All providers within the Duke Department of Obstetrics and Gynecology can provide gender-affirming care, but Alfonso has identified himself as the department’s point person. Many of his colleagues go to him for questions, and patients often seek him out for care. Many learn of the services offered at Duke by visiting the gender-affirming care website.

Alfonso, who first joined Duke for residency in 2013, sees adult patients of all gender identities, at Duke Women's Health Associates.

The wide range of services that his LGBTQ+ patients seek include cervical cancer screening, contraception management, STI screening and treatment, and prenatal care. He also helps adult patients who are transitioning to stop their menstrual cycle if their menstrual cycle is dysphoric for them. Their care may also involve surgical management as well, which includes hysterectomies, sterilizations, and ovary removal.

Alfonso said that providing these services can make a huge difference for individuals in the LGBTQ+ community.

“For this particular population of individuals, when they don't receive gender-affirming care or when they're not affirmed in the workplace or in the home environment, their rates of suicide, depression, anxiety, self-harming behaviors are astronomically higher than their cisgender, non-queer counterparts,” Alfonso said.
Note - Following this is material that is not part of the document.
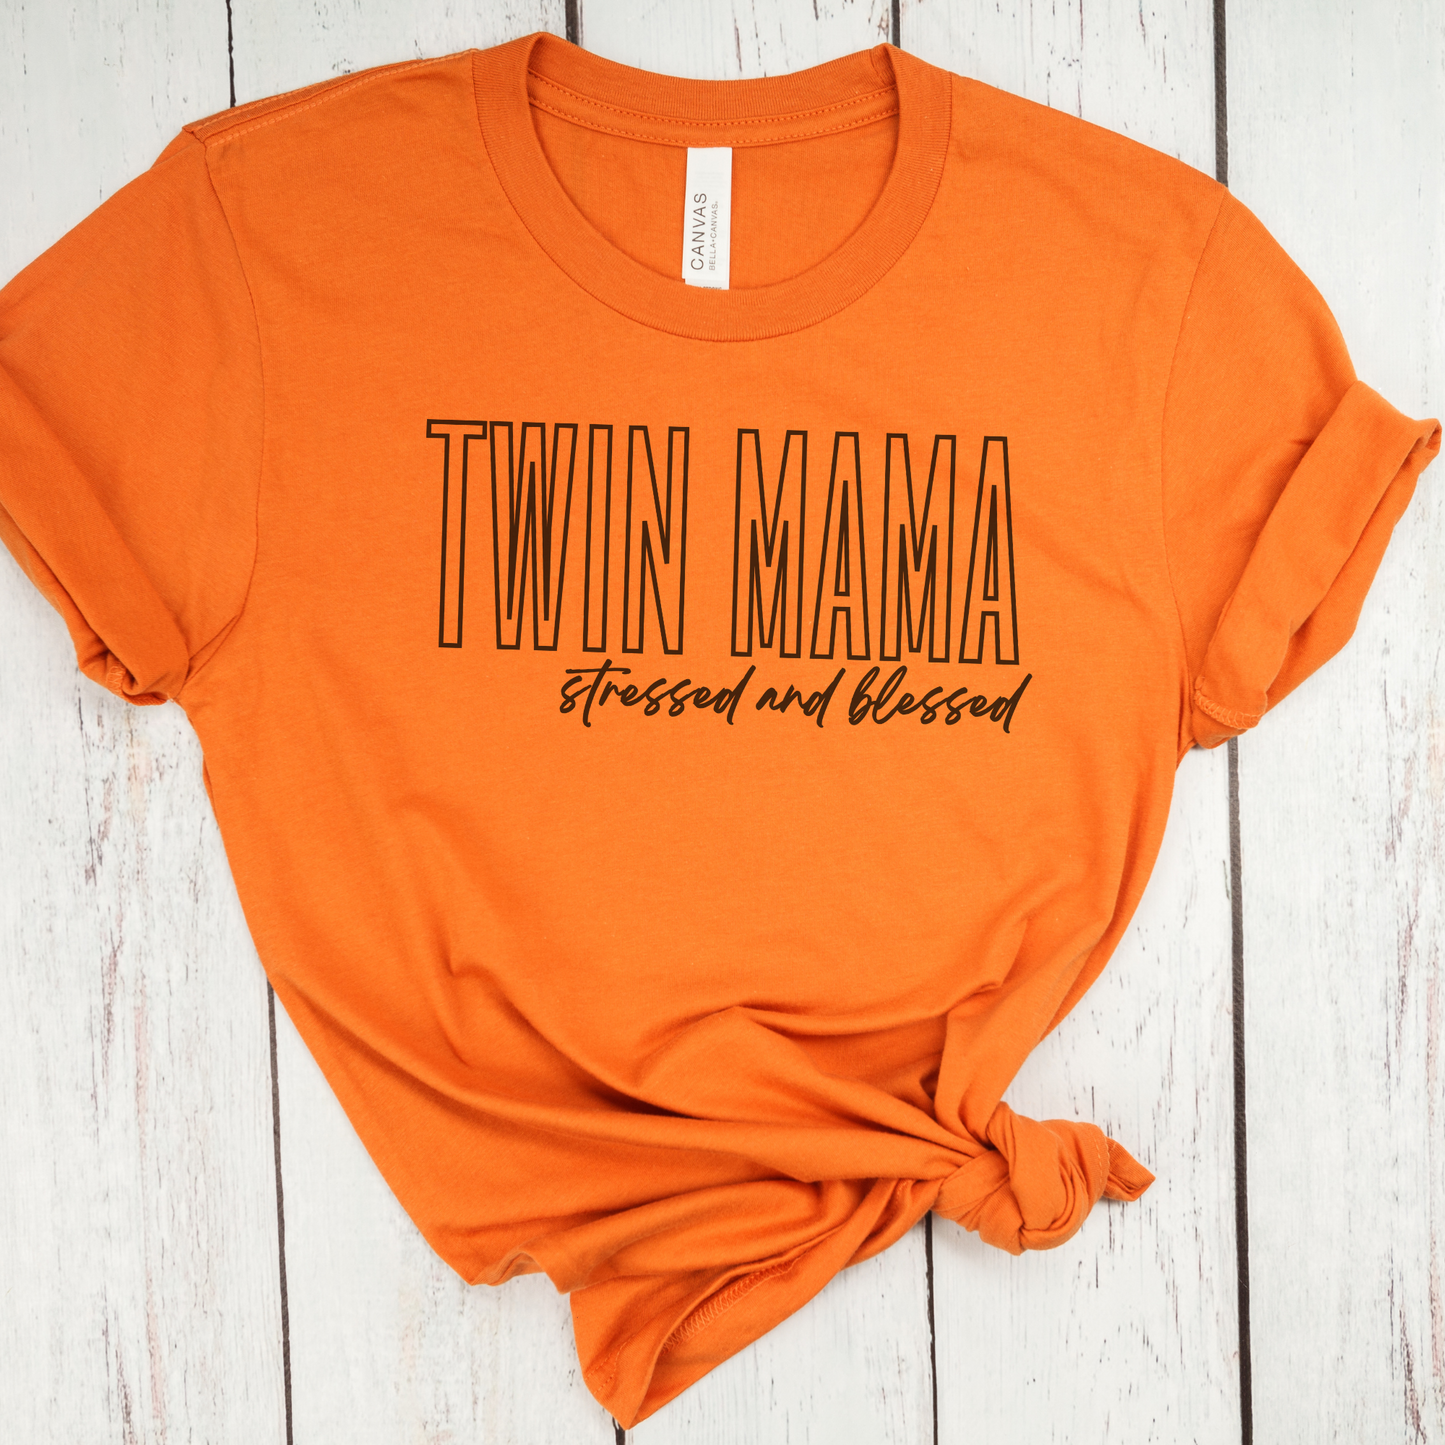 Twin Mama Stressed and Blessed Black Block Hollow Letters Paint Style Script Unisex Jersey Short Sleeve Tee Small-3XL Mother of Multiples

Bolac said Alfonso and others in the department are filling a gap in OB-GYN care. “The impact of somebody being able to seek care that affirms or sees them as who they are is very meaningful,” she added.

A Voice for the Community

As a gay man, Alfonso said he didn’t have many people he could identify with while growing up in a rural, conservative area of Louisiana. Even with all the challenges he faced as a gay man, he recognizes he has a certain amount of privilege that others in the LGBTQ+ community don’t have. He wants to use that privilege to give back and help those whose voices aren’t heard.

“As a cisgender white person, I'm basically accepted in every environment I walk in. I couldn't imagine what it's like to walk into an environment where I'm overtly discriminated against every single time and the toll it takes on your mental health long-term.”
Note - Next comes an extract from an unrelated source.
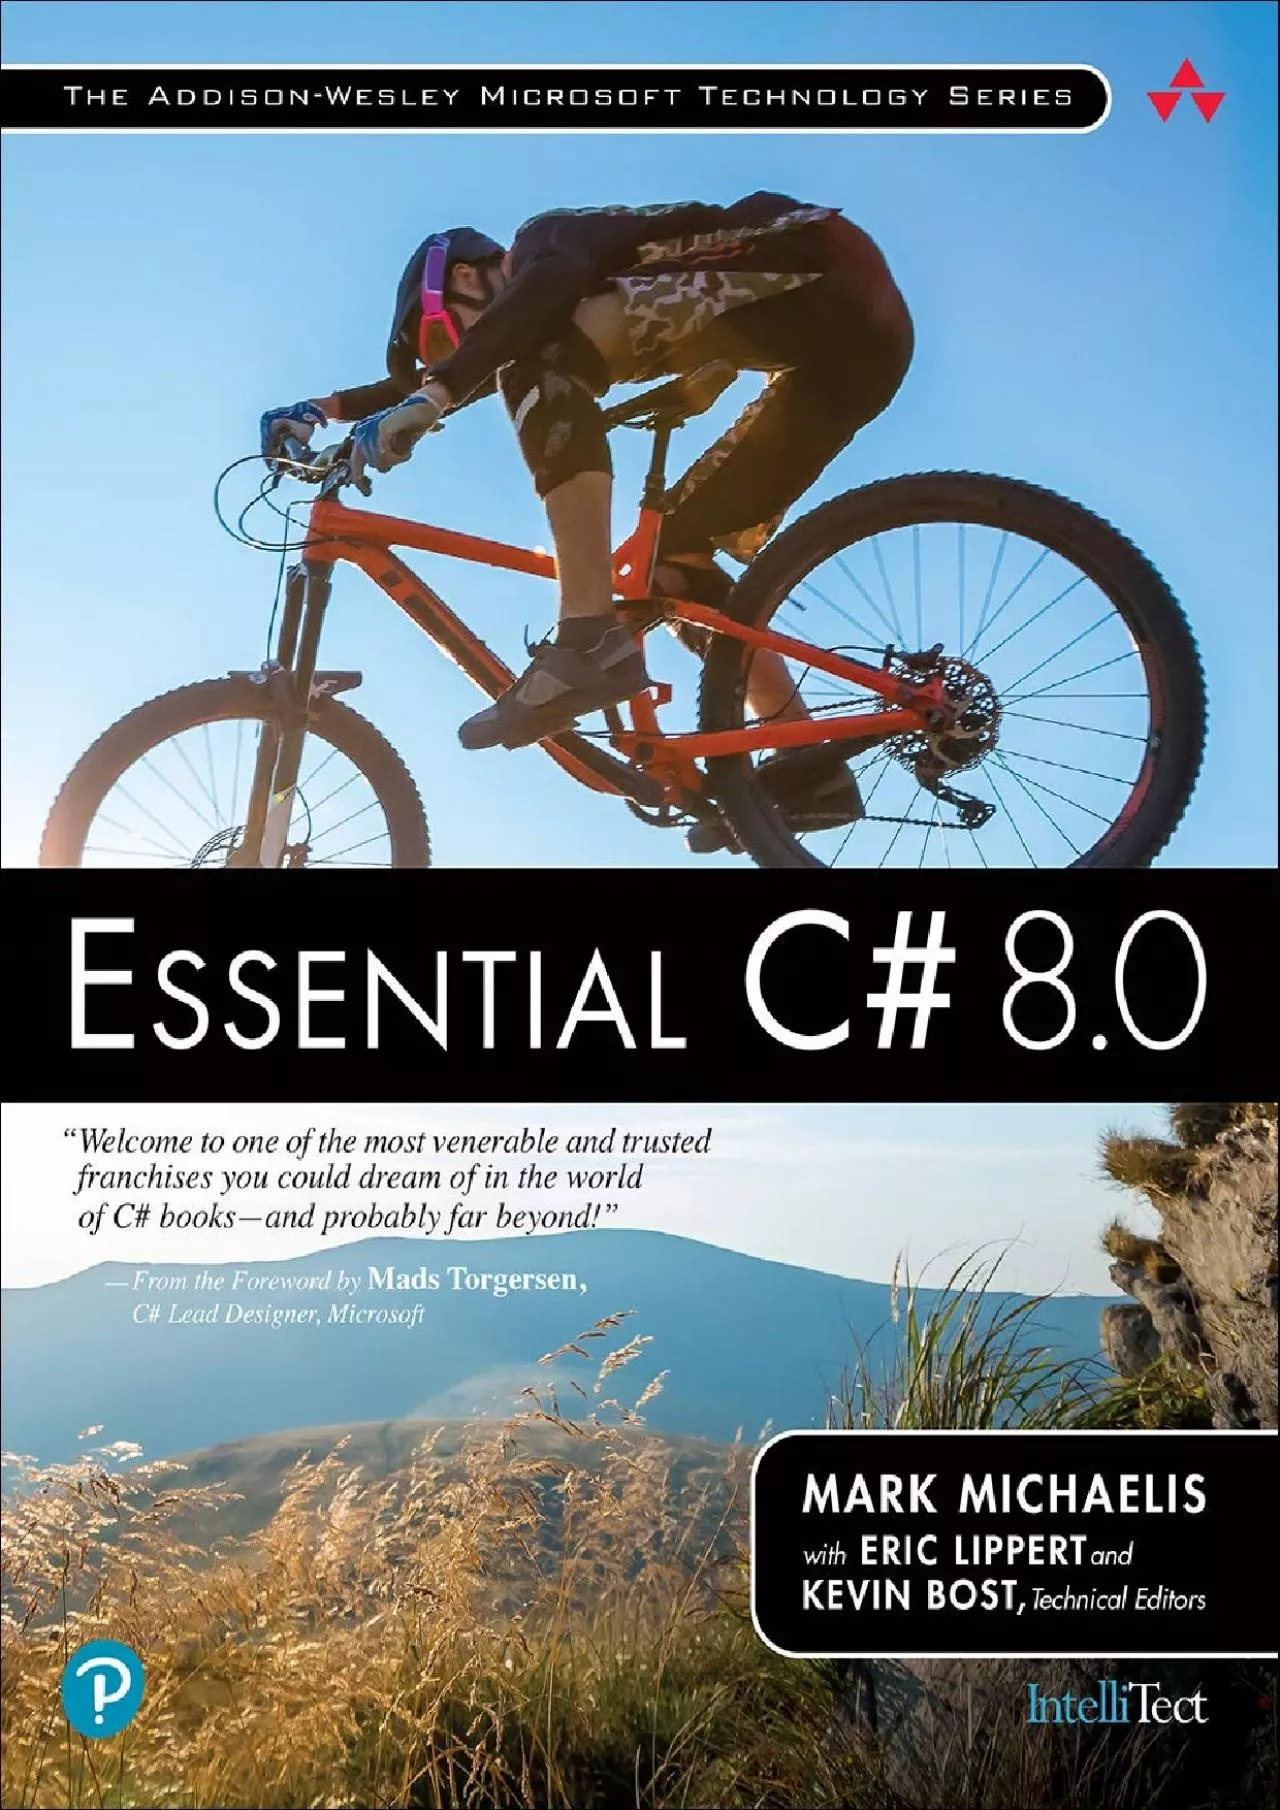 [READING BOOK]-Essential C 8.0 (Addison-Wesley Microsoft Technology Series)

This desire to give back and to lend a voice to others in the community drives Alfonso’s advocacy work. He currently is the legislative chair of the North Carolina section of the American College of Obstetricians and Gynecologists (ACOG). He also is part of North Carolina OB-GYN Society's Legislative Committee. In his role with the ACOG, Alfonso talks with elected officials, both on the state and the federal levels, making them aware of issues affecting OB-GYN patients, including maternal mortality, gender equity, and abortion access.

“I am involved in helping the state section of our national organization combat bad policy that the legislature is introducing as well as promoting good legislation,” he said.
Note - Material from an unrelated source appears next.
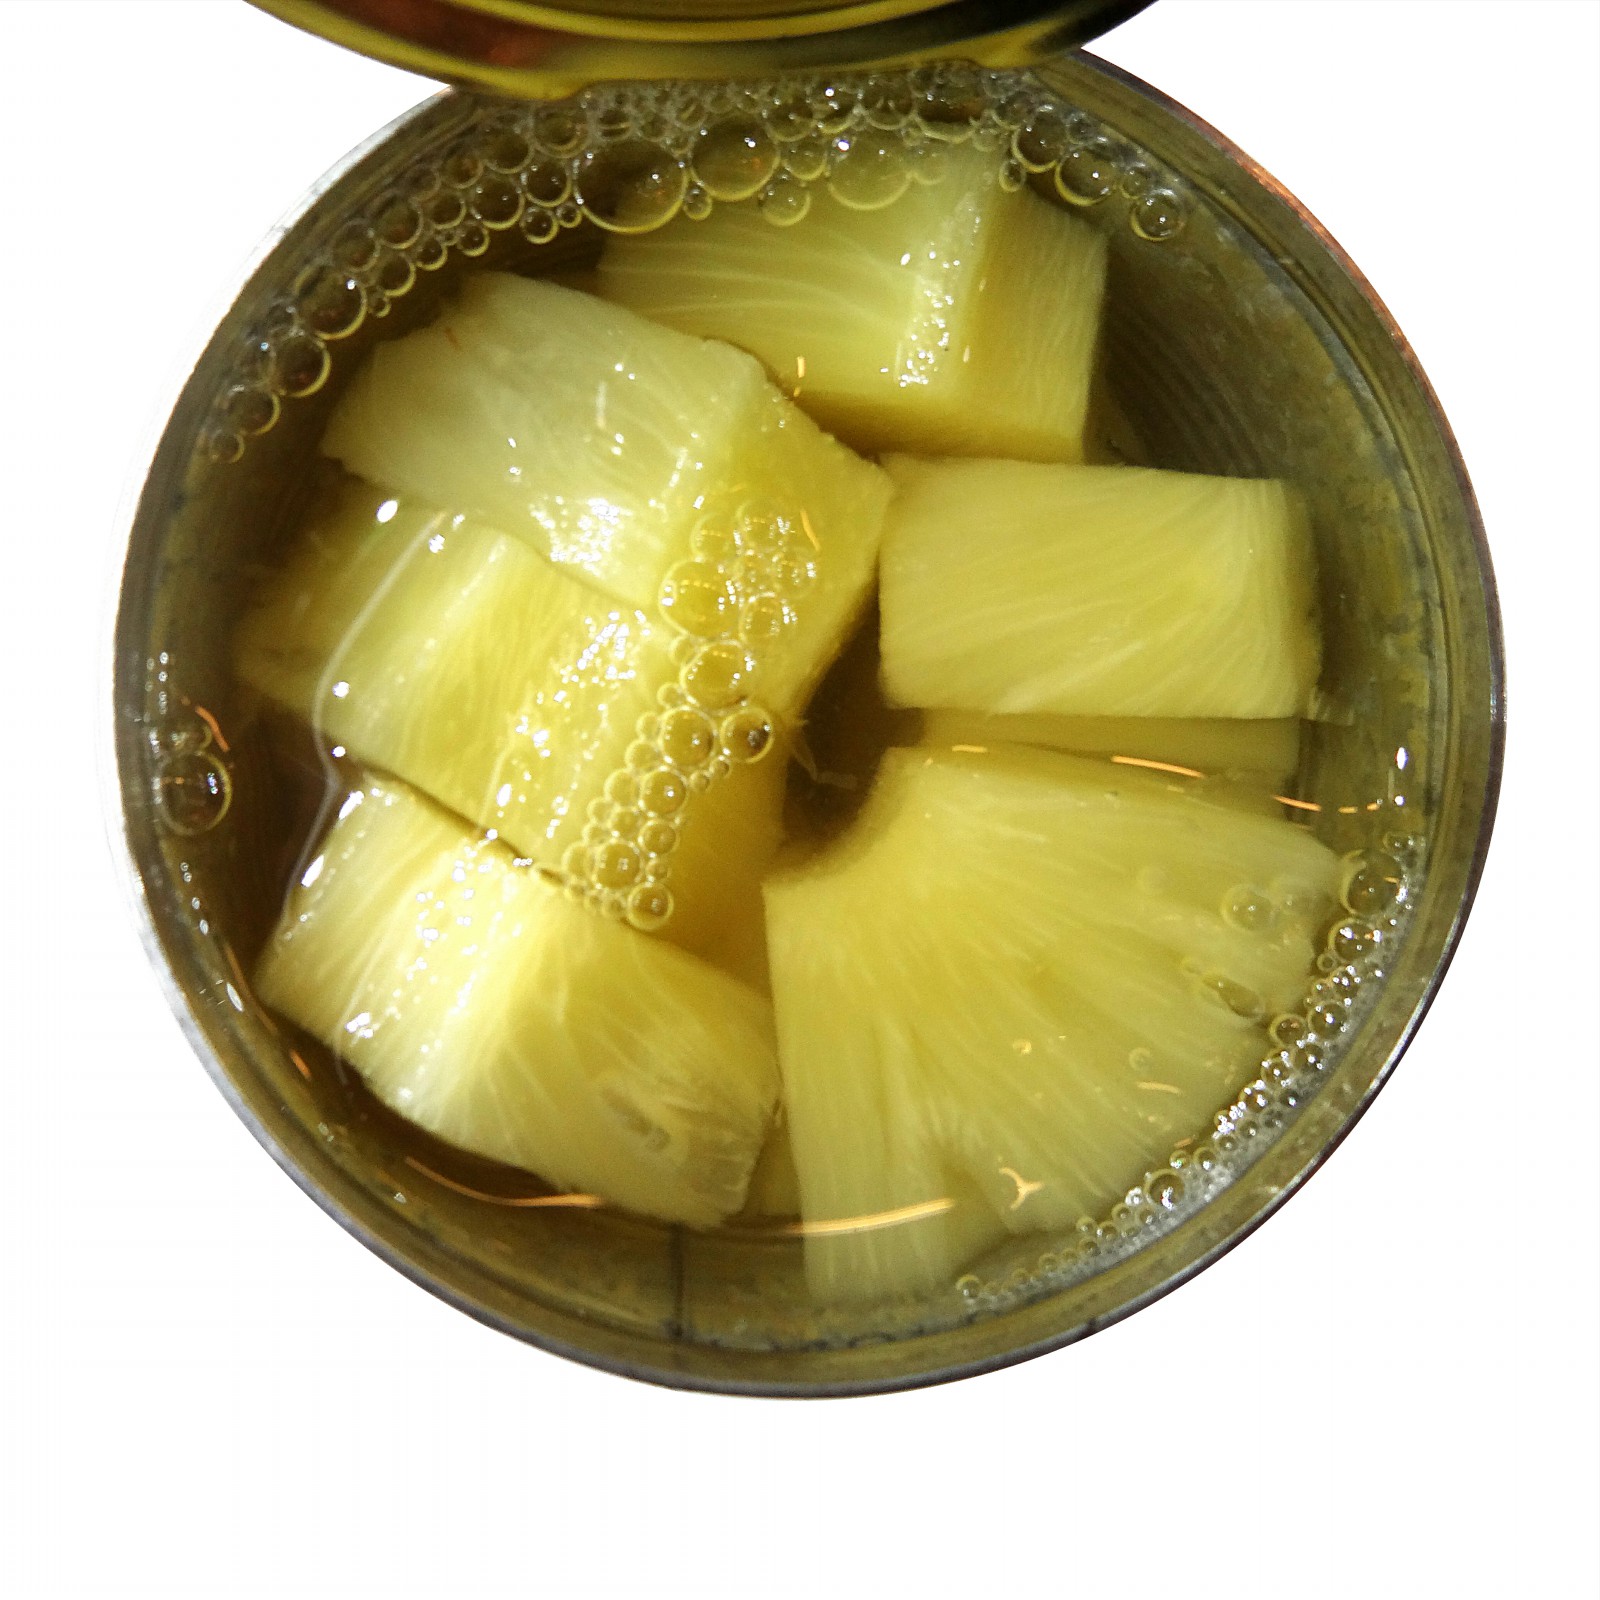 Canned pineapple tidbits

He said because some legislators are introducing bills that negatively affect the health care of LBGTQ+ patients, he makes a point to share stories of patients and families whose lives have been changed by gender-affirming care. He tells the legislators of the smiles on his patient’s faces and the relief they feel. His patients will tell him things such as: “I've been trying to access this care for years and have not been able to receive it. Now I feel like my true self.”

Helping Learners

Alfonso is the faculty sponsor and a mentor for the Duke House Staff Association for Sexual and Gender Minorities. The affinity group offers support and networking opportunities for residents at Duke who identify as LGBTQ+.

In his role as the faculty sponsor, Alfonso offers members of the resident-run group advice on navigating their way through training as an LGBTQ+ individual and the challenges they may face. “Anybody in the group can reach out to me with questions about: ‘How do I deal with a certain situation because I'm queer identifying? How do I look for jobs? Should I hide this information? Should I disclose this information? What do you recommend?’”

He hopes the group will next look for opportunities to partner with the medical student affinity group, DukeMed Pride, and provide mentorship for LGBTQ+ medical students.